Bisnis.com, JAKARTA - IMF memperingatkan negara-negara emerging market di Asia terkait risiko arus modal bervolume besar dan dampaknya terhadap perekonomian.
IMF berargumen bahwa arus moda tersebut bisa mendisrupsi nilai tukar dan kondisi finansial di negara-negara Asia.
Capital inflow di satu sisi dapat memperkuat nilai tukar dan meningkakan aktivitas bisnis di suatu negara. Meski demikian, hal ini juga bisa berujung pada penurunan aktivitas bisnis apabila terjadi capital outflow.
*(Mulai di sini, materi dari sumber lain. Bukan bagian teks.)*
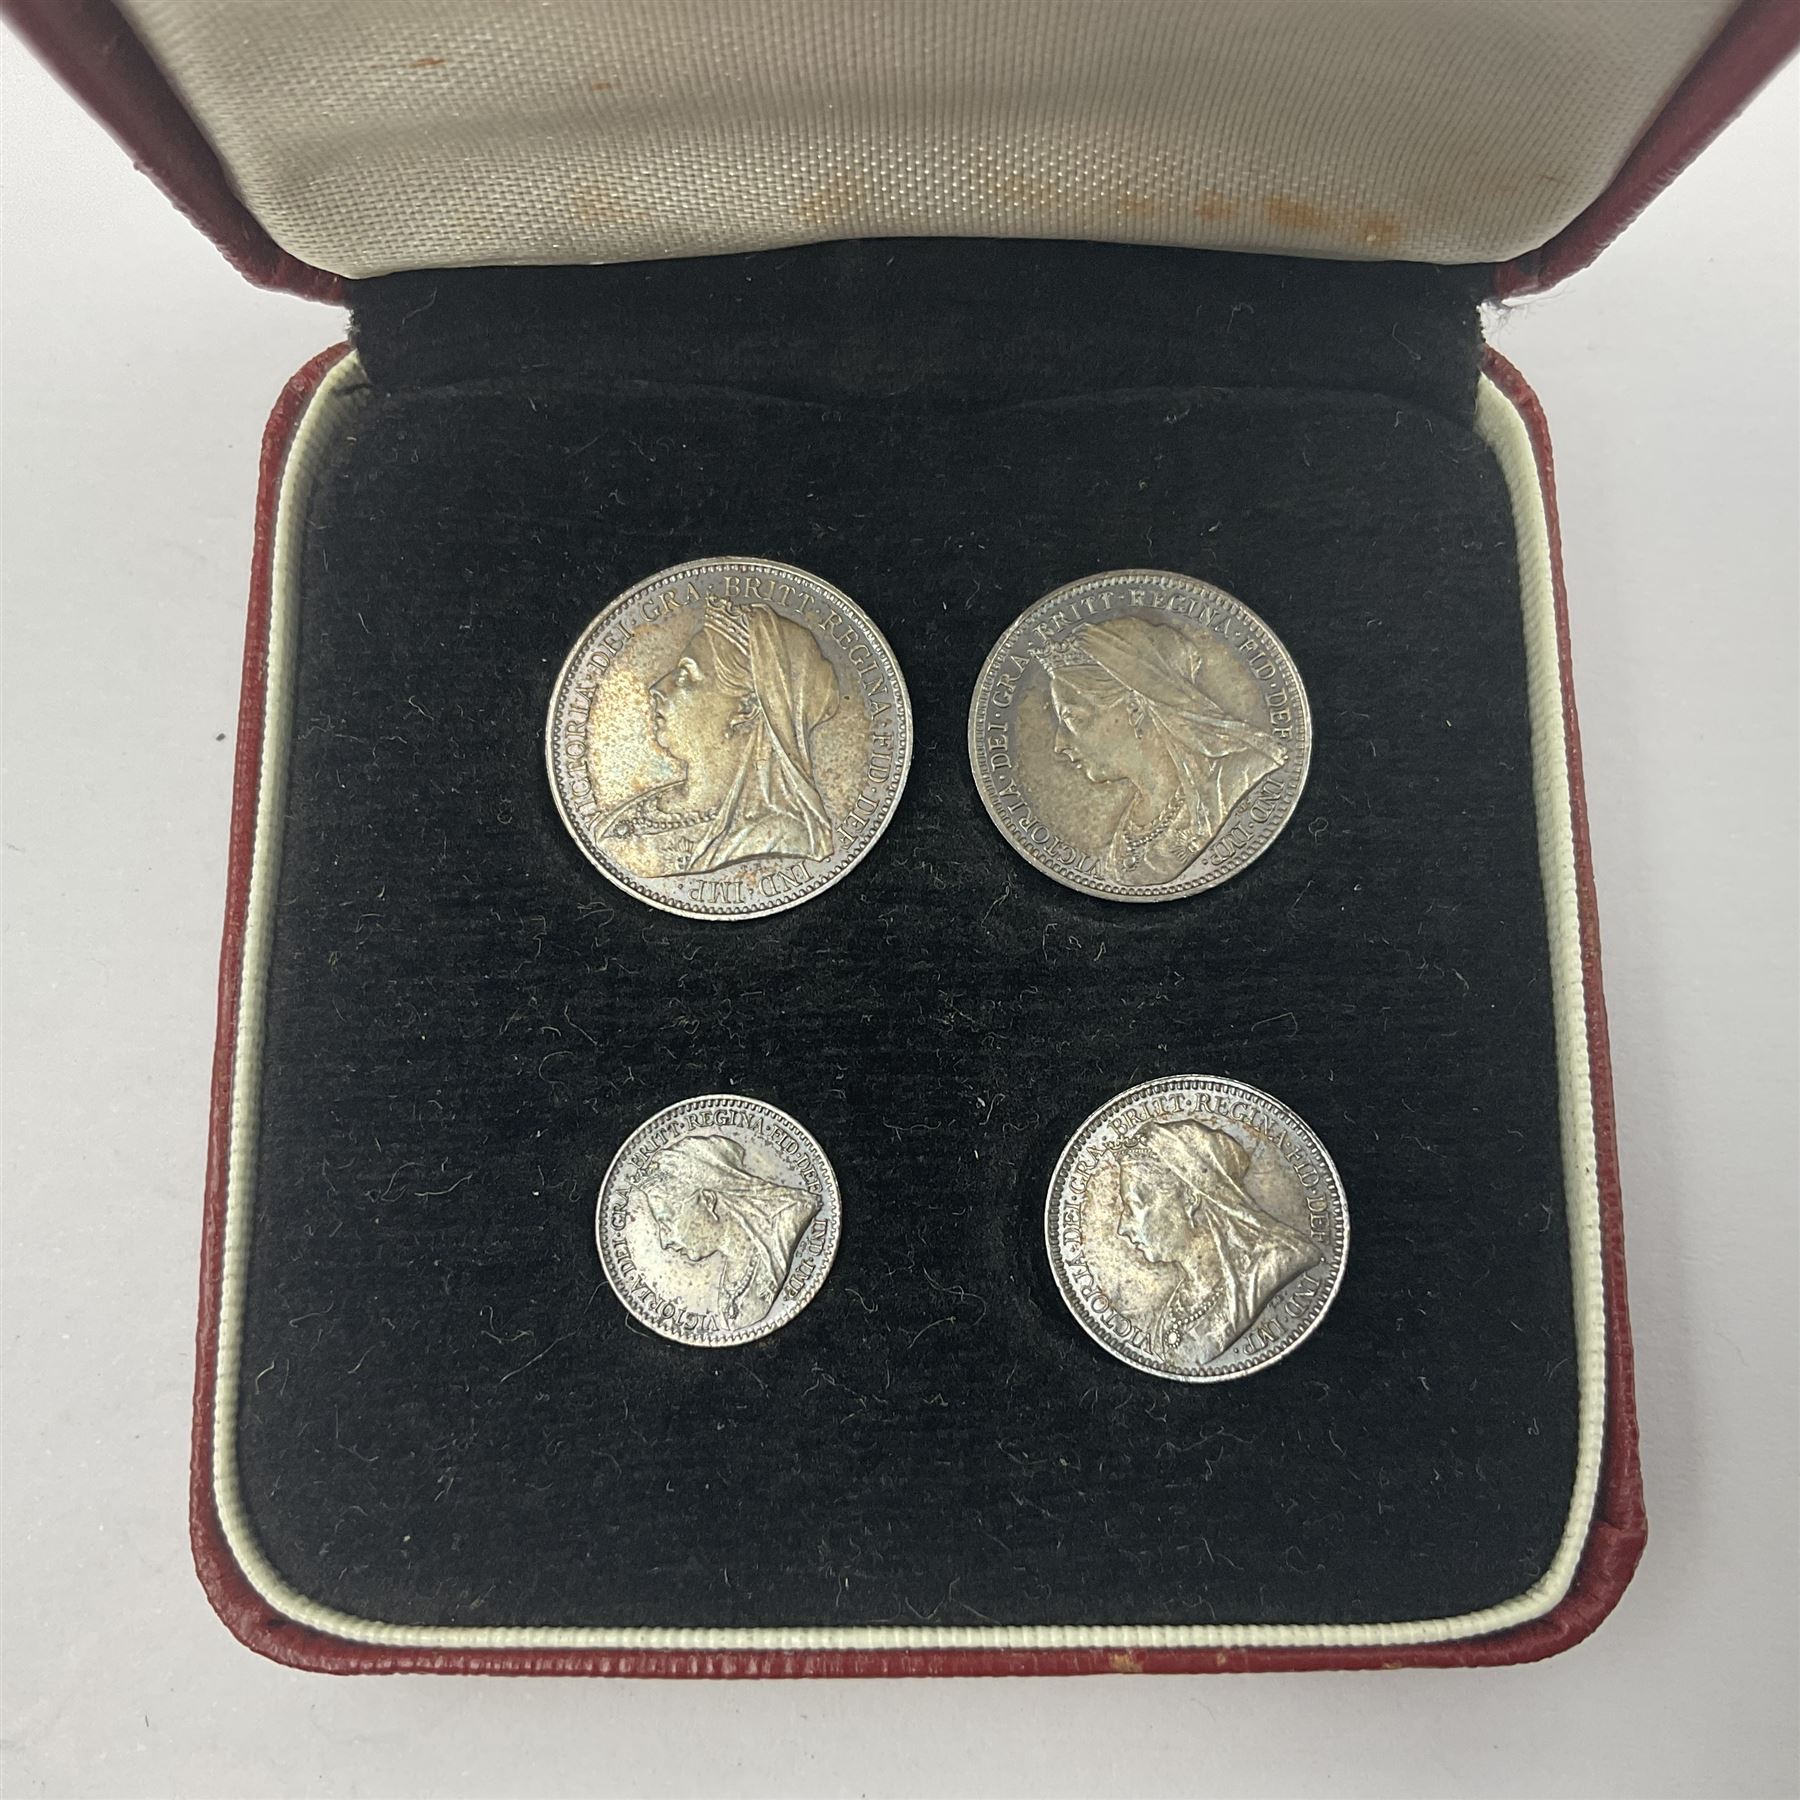 Queen Victoria 1896 maundy coin set - Image 3 of 3

"Fluktuasi dari nilai tukar dalam bisa memperburuk kondisi korporasi dan mengurangi investasi, terutama di negara-negara dengan korporasi yang memiliki utang luar negeri yang besar dan dibarengi dengan pasar keuangan yang masih kurang berkembang," tulis IMF dalam laporan yang dikutip Bisnis.com, Kamis (24/10/2019).
IMF menemukan bahwa depresiasi nilai tukar sebesar 30% dapat meningkatkan jumlah korporasi dengan probabilitas gagal bayar tinggi hingga 7%.
Guncangan terhadap nilai tukar terutama di negara-negara Asia dengan pasar keuangan yang belum berkembang juga dapat menurunkan rasio investasi. IMF mencatat setiap 1% dari depresiasi nilai tukar dapat menurukan rasio investasi sebesar 0,5%.
Peringatan IMF terhadap negara-negara Asia ini masih relevan terhadap kondisi yang ada di Indonesia sekarang.
Sebelumnya, Bank Dunia pernah memperingatkan Indonesia terkait adanya potensi capital outflow yang besar sehingga bisa meningkatkan suku bunga acuan dan menimbulkan depresiasi yang lebih dalam atas nilai tukar rupiah.
Ancaman capital outflow semakin kentara menginggat CAD Indonesia per kuartal II/2019 CAD tercatat mencapai US$8,4 miliar atau 3% dari PDB.
Bank Dunia memproyeksikan CAD Indonesia pada akhir tahun bakal mencapai US$33 miliar. Adapun penanaman modal asing (PMA) menuju Indonesia baru mencapai US$22 miliar, sedangkan penanaman modal oleh Indonesia di luar negeri baru mencapai US$5 miliar dalam setiap tahunnya.
Dengan ini, Indonesia membutuhkan capital inflow hingga US$16 miliar dan bisa lebih tinggi lagi apabila capital outflow memang benar-benar terjadi.
Terkait dengan utang korporasi, Moody's Investor Service secara khusus sudah menyebut bahwa Indonesia merupakan negara yang korporasinya paling rentan mengalami gagal bayar.
Moody's menemukan bahwa 53% dari utang korporasi di Indonesia memiliki rasio utang terhadap korporasi di atas 4, sedangkan 40% korporasi di Indonesia memiliki ICR di bawah 2.
Tingginya rasio utang EBITDA menunjukkan bahwa proporsi utang dalam suatu perusahaan lebih besar dibandingkan dengan pendapatan korporasi, sedangkan rendahnya ICR menunjukkan bahwa kemampuan korporasi untuk menutup beban biaya bunga utang juga semakin rendah.
Khusus untuk Indonesia, pendapatan dari korporasi di Indonesia cenderung melemah terutama untuk korporasi yang mengandalkan komoditas.
Pada saat yang sama, kapabilitas korporasi untuk membayar utang luar negeri juga akan menurun apabila tidak ada tindakan untuk melindungi nilai tukar rupiah dari depresiasi.
Moody's mencatat hingga Mei 2019 utang korporasi yang berdenominasi valuta asing mencapai 18% dari total pinjaman perbankan.